Darlene Bailey was wishing she was back on her Ucluelet condo’s deck Saturday morning rather than watching waves crash off the coast of Kauai while sipping a coffee and waiting for an impending missile strike.

The Vancouver Island resident, and this reporter’s mother, was in Hawaii with her husband Nigel when they woke to alerts that a ballistic missile strike was imminent.

“At around 8:07 a.m., my cell phone erupted with a shrill sound and a text saying there was an incoming missile heading for Hawaii. It instructed me to take cover and warned, ominously, that the text was not a drill,” she said. “We, apparently, had 15 minutes before the missile was scheduled to hit. I heard a man screaming outside to his wife to get his children into the car and yelling that a missile was about to hit…’Oh boy.
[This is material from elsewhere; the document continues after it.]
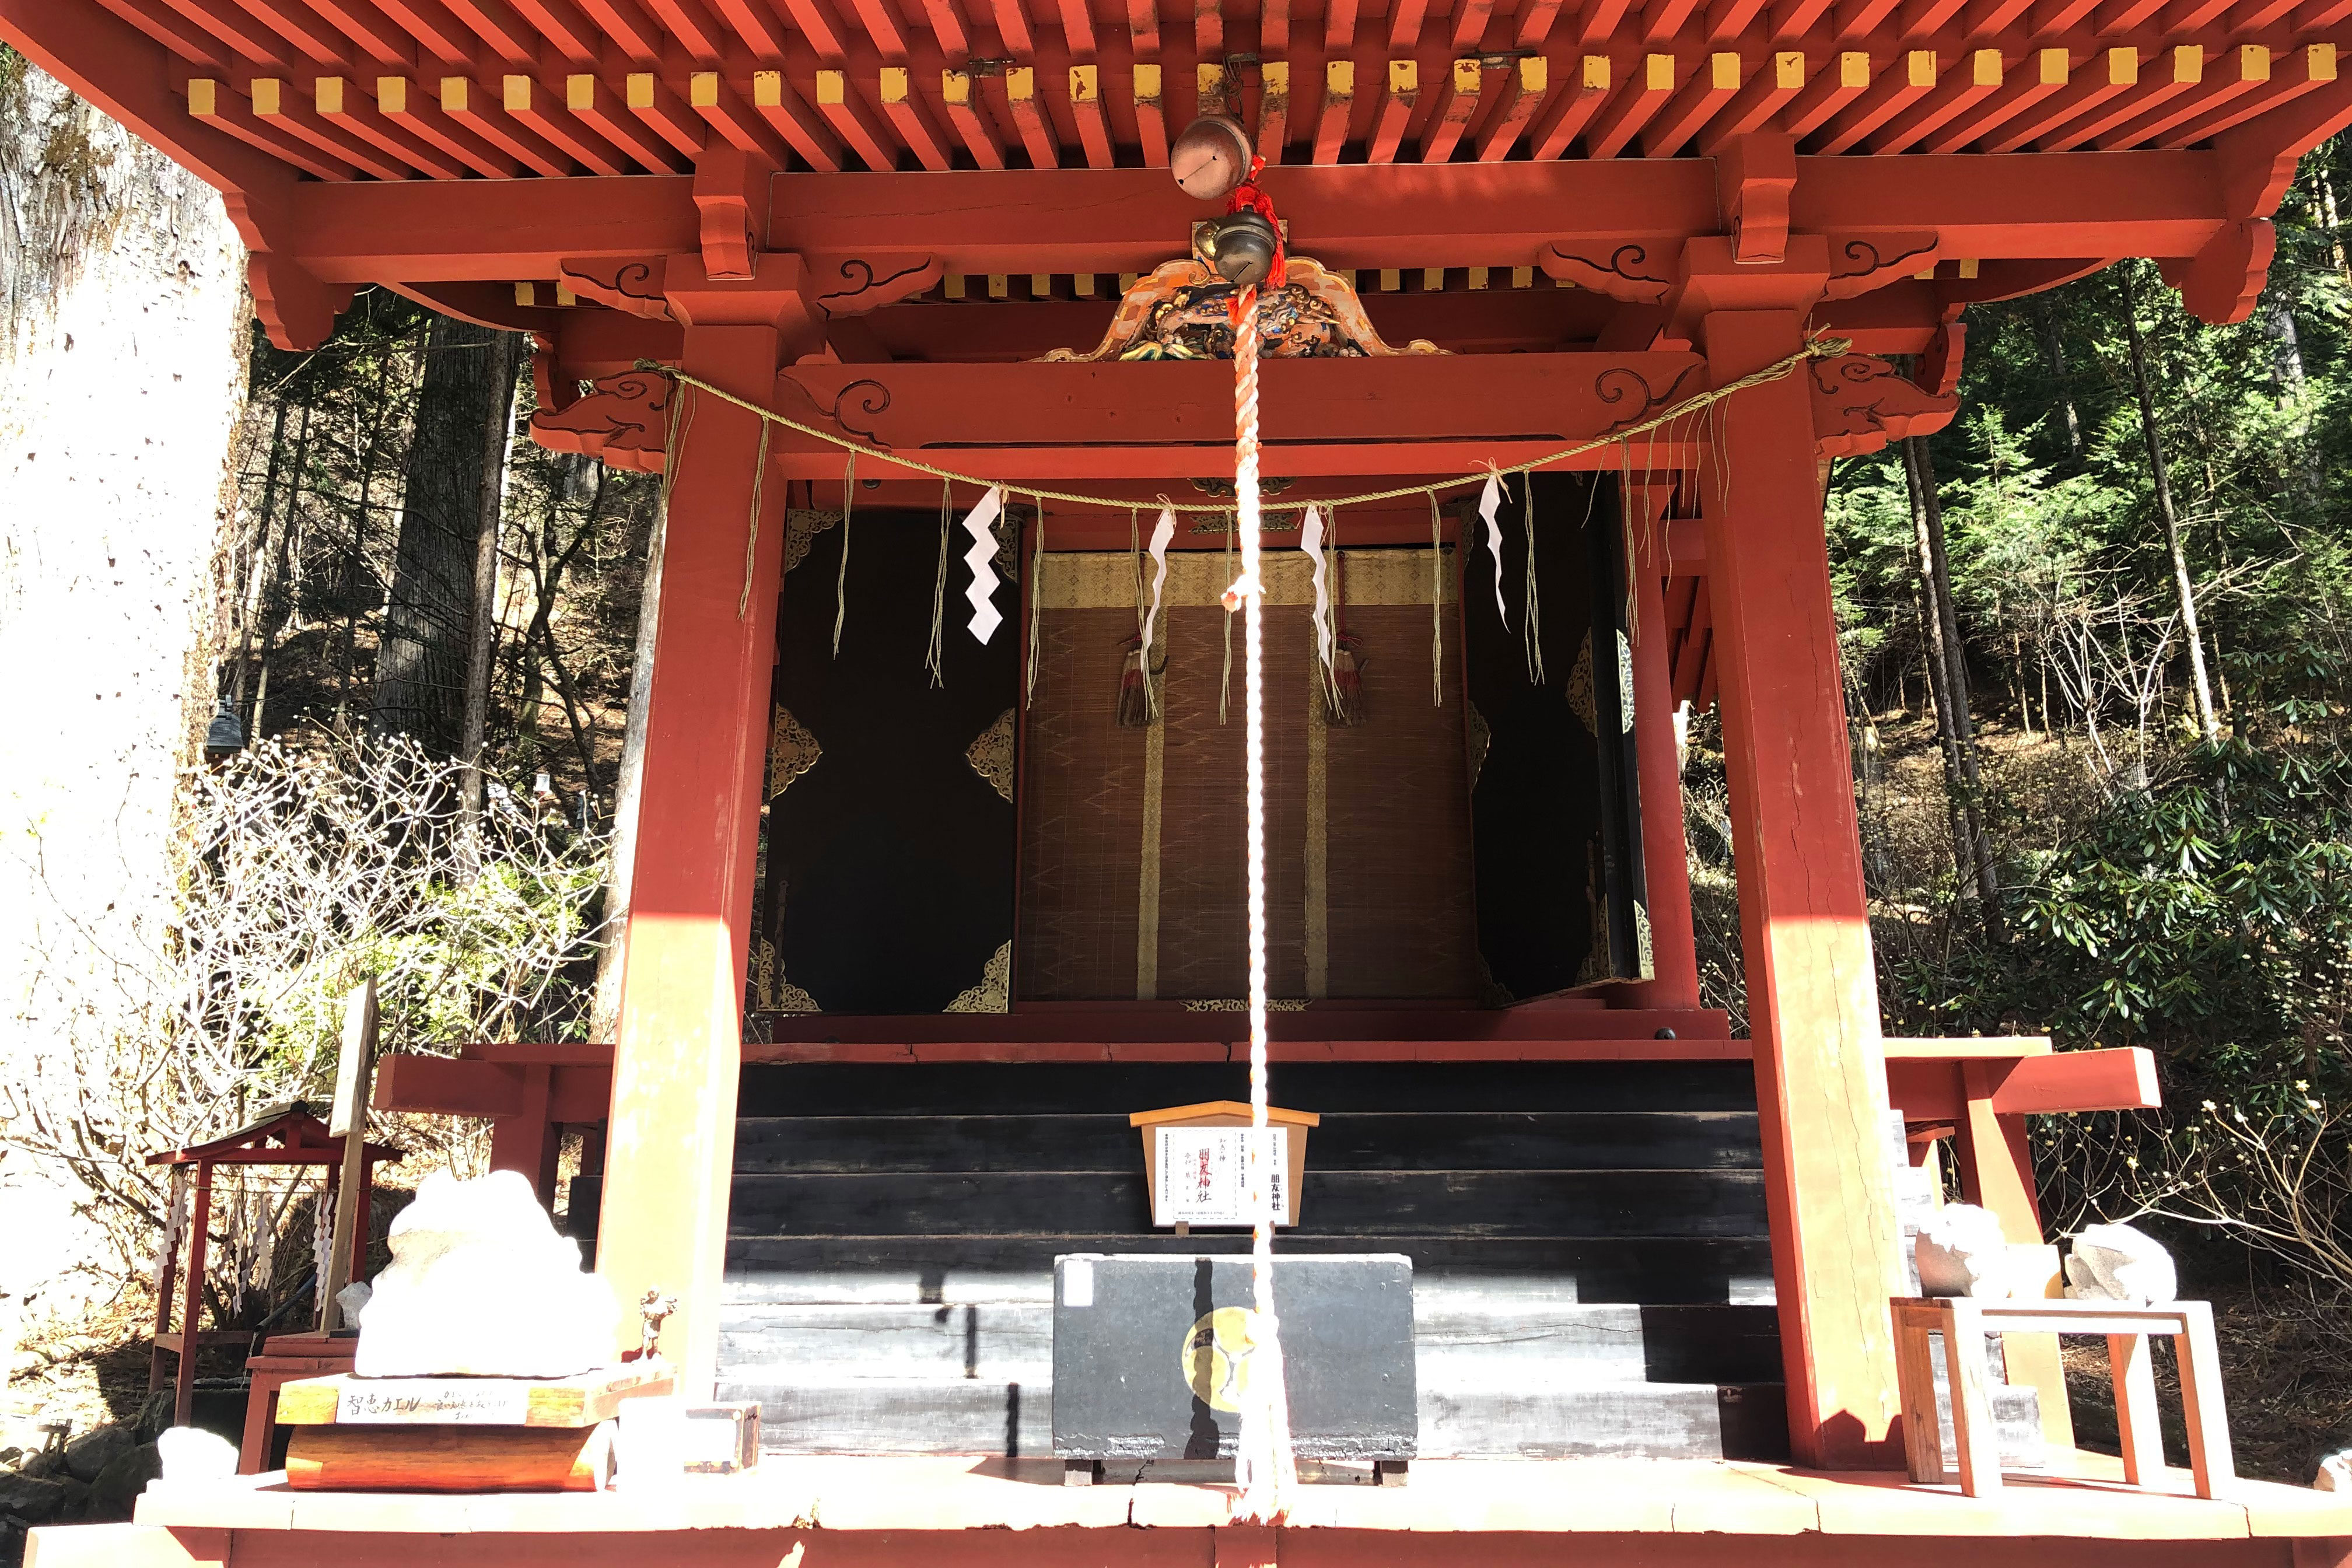 เทพเจ้าซูคูนะบิโกะโนะมิโคโตะของชินโตเป็นเทพเจ้าแห่งการแพทย์และความรู้ซึ่งประดิษฐานอยู่ที่ศาลเจ้ามิโทโมะแห่งนี้ บันทึก “โคจิกิ” ซึ่งเป็นบันทึกเก่าแก่ที่สุดของประวัติศาสตร์ญี่ปุ่นโบราณที่รวบรวมเป็นรายลักษณ์อักษรครั้งแรกในปี ค.ศ. 712 บันทึกไว้ว่าซูคูนะบิโกะโนะมิโคโตะได้ช่วยเหลือโอนามุจิโนะมิโคโตะในการขึ้นปกครองญี่ปุ่น ซึ่งโอนามุจิโนะมิโคโตะเป็นหนึ่งในเทพเจ้าหลักที่ประดิษฐานอยู่ที่ศาลเจ้านิกโกฟูตาระซังนั่นเอง<br /><br />ถึงแม้ว่าจะยังไม่รู้อย่างแน่ชัดถึงอายุของศาล แต่อ่างน้ำหินที่ใช้สำหรับการชำระล้างมือนั้นได้ถูกจารึกด้วยตัวอักษรจีนระบุปี ค.ศ. 1753 จากสิ่งนี้จึงคาดคะเนกันว่าศาลเจ้ามิโทโมะนั้นมีประวัติศาสตร์ความเป็นมาอย่างน้อย 250 ปีมาแล้ว ผู้ที่เดินทางมาสักการะนั้นจะล้างมือจากอ่างน้ำหินที่ตั้งไว้ด้านหน้าศาลเจ้าก่อนการเข้าสักการะ การปฏิบัติเช่นนี้เชื่อว่าเป็นการชำระล้างผู้มากราบไหว้ให้บริสุทธิ์และแสดงถึงความเคารพนับถือต่อเทพเจ้าชินโต

This is the end,’ I thought, hoping it would be quick.”

The cell phone alert, which read, ‘BALLISTIC MISSILE THREAT INBOUND TO HAWAII. SEEK IMMEDIATE SHELTER. THIS IS NOT A DRILL,’ was reportedly triggered by a Hawaii Emergency Management Agency employee by accident, though it took roughly 35 minutes for the agency to correct the mistake.

Bailey said she and her husband spent those minutes drinking coffee together while talking about their two children and five grandchildren—they’re expecting a sixth grandchild this May—and tried to keep calm, unsure of what else to do.

“We knew that there were no nuclear fallout shelters, or at least none that we were aware of, on the island of Kauai, so we prepared to hunker down and wait for the inevitable,” she said. “Our first thoughts of course went to our children and grandchildren and the one we are happily anticipating in May, which I regretted I wouldn’t see.”

At around 8:45 a.m., the Hawaii Emergency Management Agency sent out a new alert that assured there was no incoming strike.

“It was a bit spooky when nothing happened at the 15-minute mark. I think we both wondered what was delaying the inevitable,” Bailey said. “Then the condo landline rang with a robotic recorded message that there was no incoming missile.”

She added local news reports began explaining the alert had been a mistake caused by human error and that everything was fine.

“I immediately called both my children to say, ‘I’m proud of you and I love you,’” she said. “Then [Nigel] headed to golf and I went to the pool.”